Wednesday, July 13, 2016

Strange times!


While I’ve been wallowing in the mid-eighteenth century, we’ve been experiencing some strange times in the UK. We had a referendum, then the Prime Minister resigned, and so did the favourite to take his place.
Changes of regime are never straightforward. We wait on events. We certainly live in interesting times!
And yet, someone looking back at this time and whatever happens next will see the events as inevitable. Just as we think of George III following George II to the throne. If you read the history books, they say that Culloden was the end of the Jacobite threat.
But it wasn’t.
Several events occurred to make the 1750’s a time of uncertainty, of shifting opinions and events. There are so many “what if”s and turning points in the decade that I’m constantly surprised that more authors haven’t grabbed the opportunities and run with them.
Diana Gabaldon, for sure, took the Jacobite cause and looked at it anew. But she examined it from the point of view of the hapless Scots. There are other ramifications that have been obscured only by the passage of time, but once they were raw and new.
In 1751, the Prince of Wales died. Frederick was a popular prince, even though he didn’t get along with his father and had a court separate from him. Nevertheless, he was the King’s successor. We could have had a King Frederick! Frederick left a young family, all healthy, but none of them were out of the shcoolroom. The oldest, George, was the new Prince of Wales, but he was only thirteen when his father died.
The Princess of Wales, Augusta, was particularly close to Prince George’s tutor, John Stuart, the Earl of Bute. Of course, Bute was more of an advisor than a hands-on tutor, but it meant he saw the prince a great deal, and became very important in his life, just as Lord Mountbatten did to Prince Charles. However, it was also rumoured that Bute was the lover of Princess Augusta. Bute was not popular.
Parliament was settled until 1754, when the Prime Minister, Henry Pelham-Holles, died. His brother, the Duke of Newcastle, took over, but it soon became obvious that he wasn’t up to the job, and a change of political alliances was going to rock the House of Commons.
King George was in frail health during the 1750’s. He died in 1761, long enough for Prince George to attain his majority, but it was a close run thing.
If the old king had died before his grandson had come of age, George III would have had to have a Regent. There could have been a revolution.
Times of uncertainty make a country vulnerable.
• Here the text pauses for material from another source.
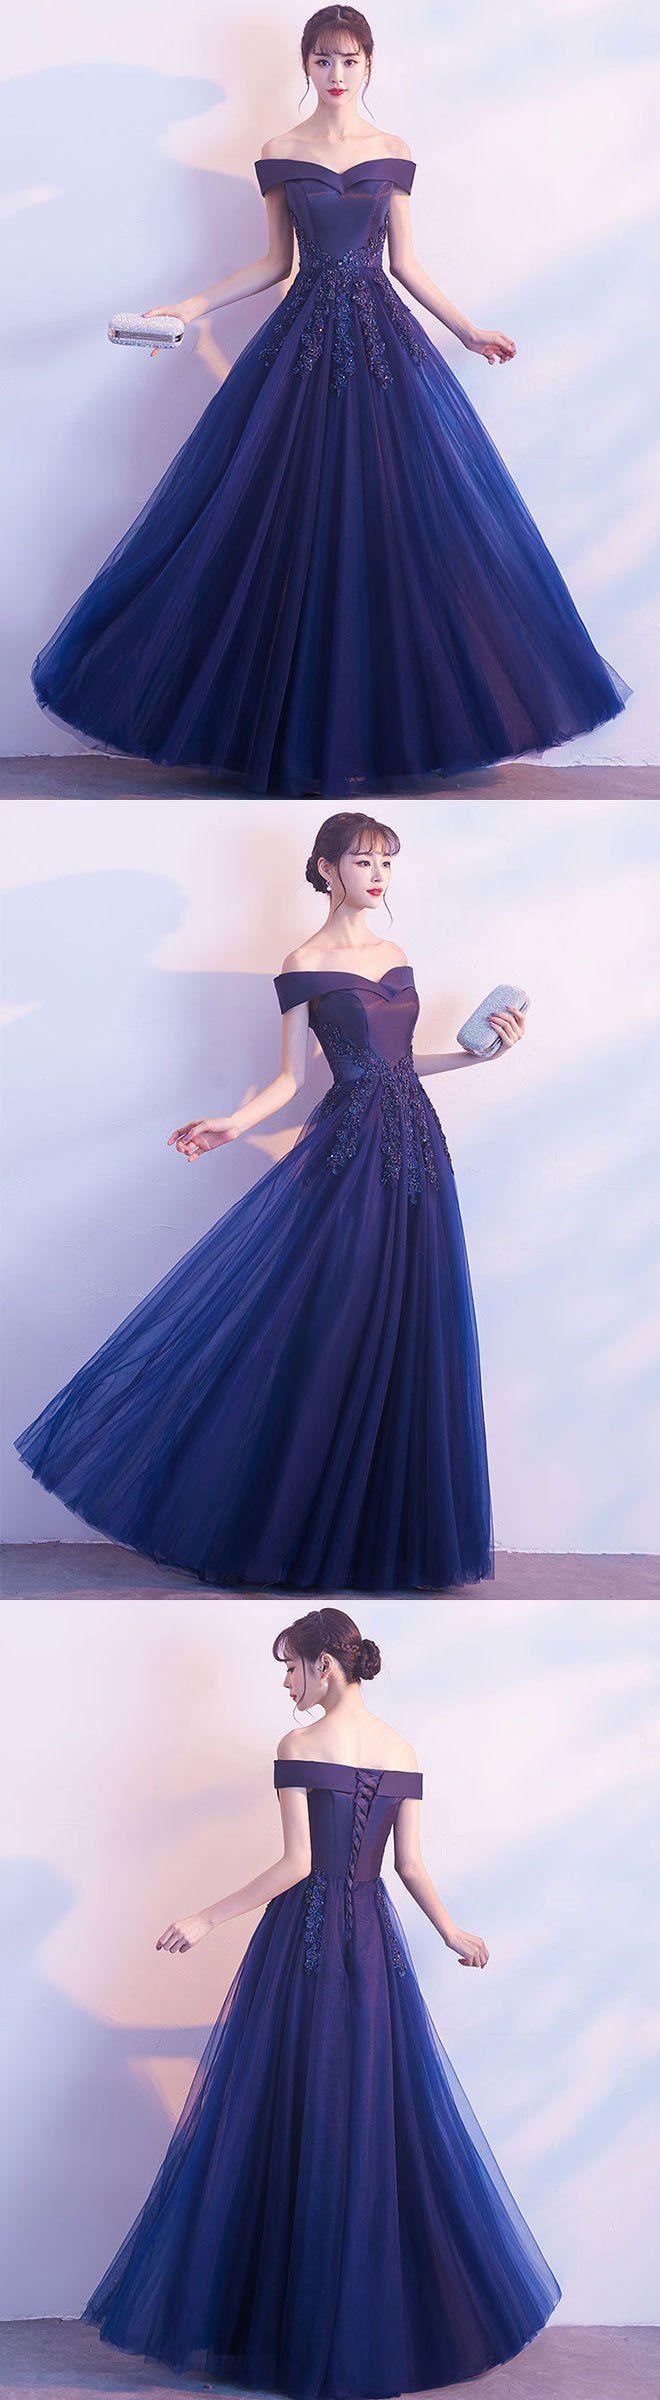 Dark blue off shoulder long prom dress blue evening dress blue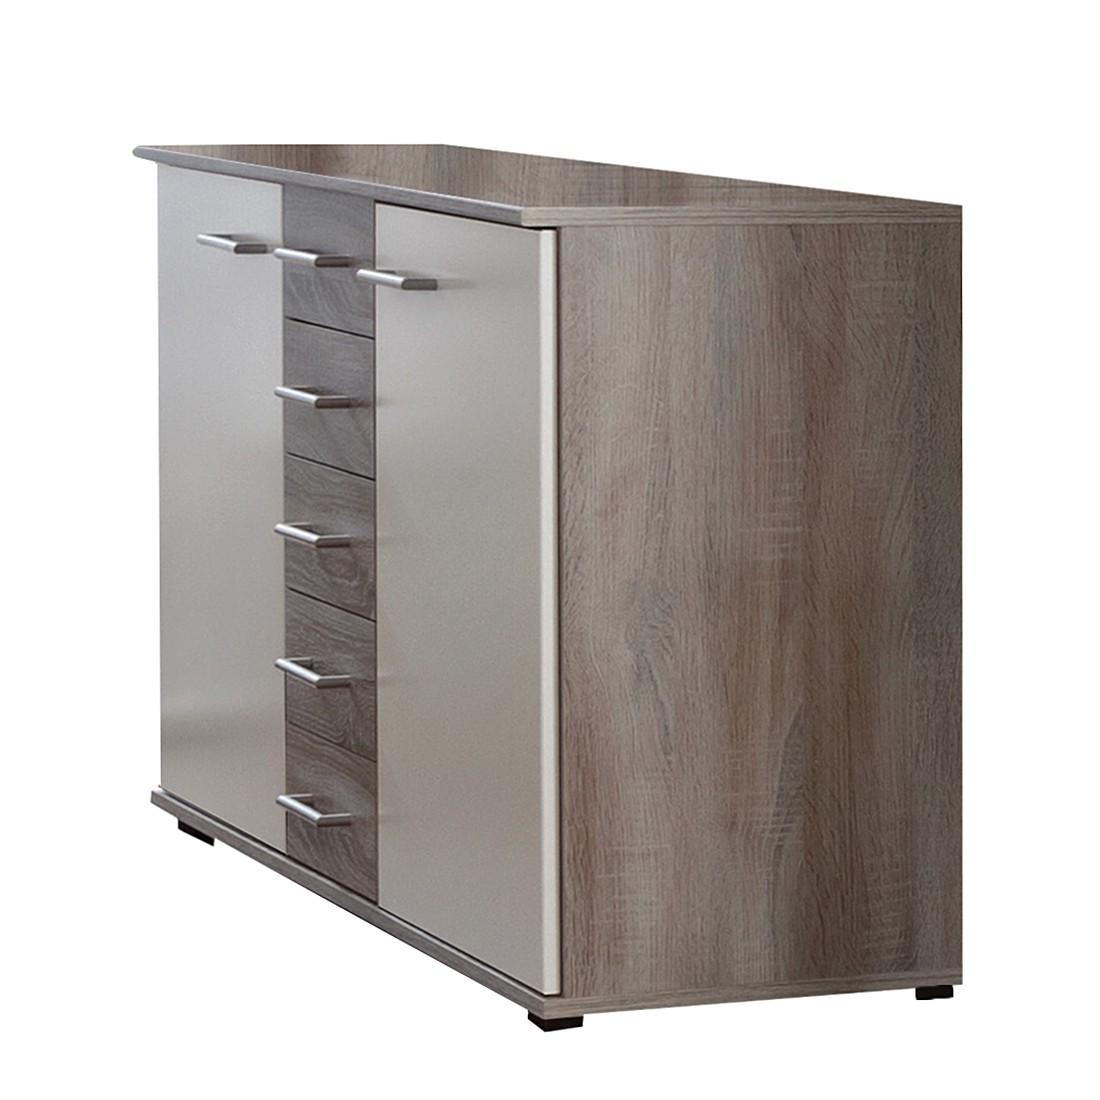 kombikommode tendence montana eiche alpinwei. Black Bedroom Furniture Sets. Home Design Ideas

And so, into that potential perfect storm, came the Stuarts in exile.
The Young Pretender visited London in 1751 and converted to Protestantism. If the opportunity arose, he wasn’t going to let religion get in the way of his succession. He talked with several important people while he was there, and he could have returned throughout the decade. When he came to London, the government kept an eye on him, but preferred not to arrest him and make a martyr of him. Either that, or Charles came under an amnesty, but if there was one, it hasn’t come to light. He could have returned, but there is no evidence either way that he did so.
However, Charles had become a disillusioned drunk who refused to marry and sire children who would have been a threat to the throne. He was living with a woman who he beat regularly, and who bore him a daughter. His own folly disbarred him this time, and as the decade wore on, the establishment settled into a new pattern. The rise of the brilliant politicians Fox and Pitt, and the onset of the Seven Years’ War moved Britain into a new process, and Prince George grew older.
But for a few years, anything could have happened. And that is what authors rely on for their stories. At least this one does.
I’ve been commissioned to write three more books set in the 1750’s, this time about the Shaw family, and I’m spoiled for choice with plots. I’ve written another book, yet to find a home, about another aspect of life back then, the race to discover longitude, and the craze for astronomy.
I can’t see my interest ever waning!

1 comment:

Elizabeth Hawksley said...

Thank you for such an interesting post, Lynne. I'm rather a fan of Frederick, Prince of Wales. He had the distinction of being the only Hanoverian king-in-waiting who actually got on with his eldest son! He also had an excellent eye for art and bought some terrific paintings for the Royal Collection.